Research Areas Algorithmic human-robot interaction Safe embodied AI Multi-agent reinforcement learning Dynamic game theory Foundation models for robotics and autonomy

Haimin Hu is an assistant research professor of computer science and a member of the Johns Hopkins Data Science and AI Institute, the Institute for Assured Autonomy, and the Laboratory for Computational Sensing and Robotics.

His research focuses on the algorithmic foundations of human-centered autonomy. By integrating dynamic game theory with machine learning and safety-critical control, his work enables deployable, verifiable, and trustworthy systems, from autonomous vehicles to drones and legged robots.

Specifically, his research covers the following topics:

  • Uncertainty-aware motion planning: How can robots plan safe and efficient motion by accounting for their evolving uncertainty and their ability to reduce it through future interaction, sensing, communication, and learning?
  • Human-AI co-evolution and co-adaptation: How can embodied AI systems learn from human teammates while helping them refine existing skills and acquire new ones in a safe, personalized manner?
  • Safe human-compatible safe autonomy: How can autonomous systems ensure prescribed safety while remaining aligned with human values and attuned to human cognitive limitations?
  • Scalable and generalizable strategic decision-making: How can multi-robot systems make safe, coordinated decisions in dynamic, human-populated environments?

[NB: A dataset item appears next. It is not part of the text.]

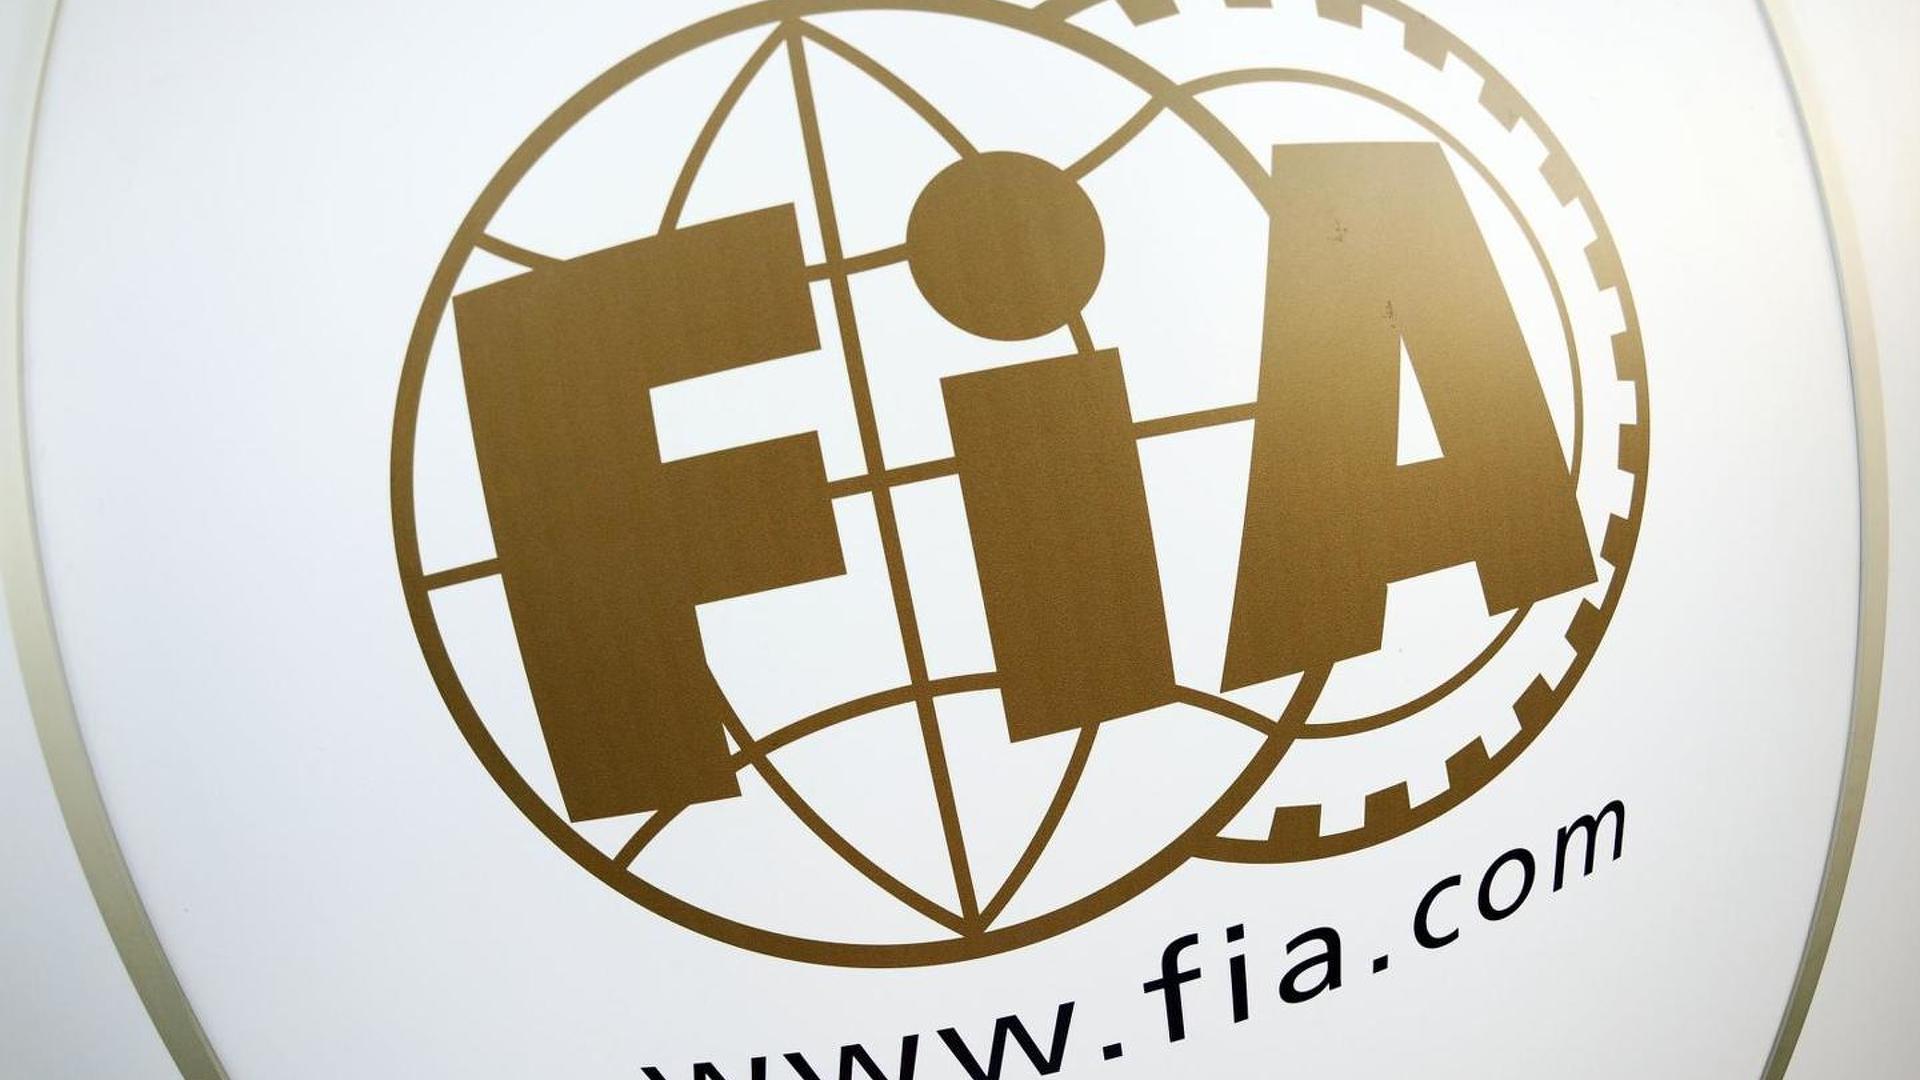 F1 management is 'blockage' for sponsors - Lopez

Hu has been recognized as a 2025 Robotics: Science and Systems Pioneer, a 2025 Cyber-Physical Systems Rising Star, and a 2024 Human-Robot Interaction Pioneer. Additionally, he has served as an associate editor for IEEE Robotics and Automation Letters since his fourth year as a PhD student.

Hu obtained a PhD in electrical and computer engineering from Princeton University in 2025, an MSE in electrical engineering from the University of Pennsylvania in 2020, and a BE in electronic and information engineering from ShanghaiTech University in 2018. He is currently conducting his postdoctoral research at the University of Pennsylvania before joining Johns Hopkins full-time.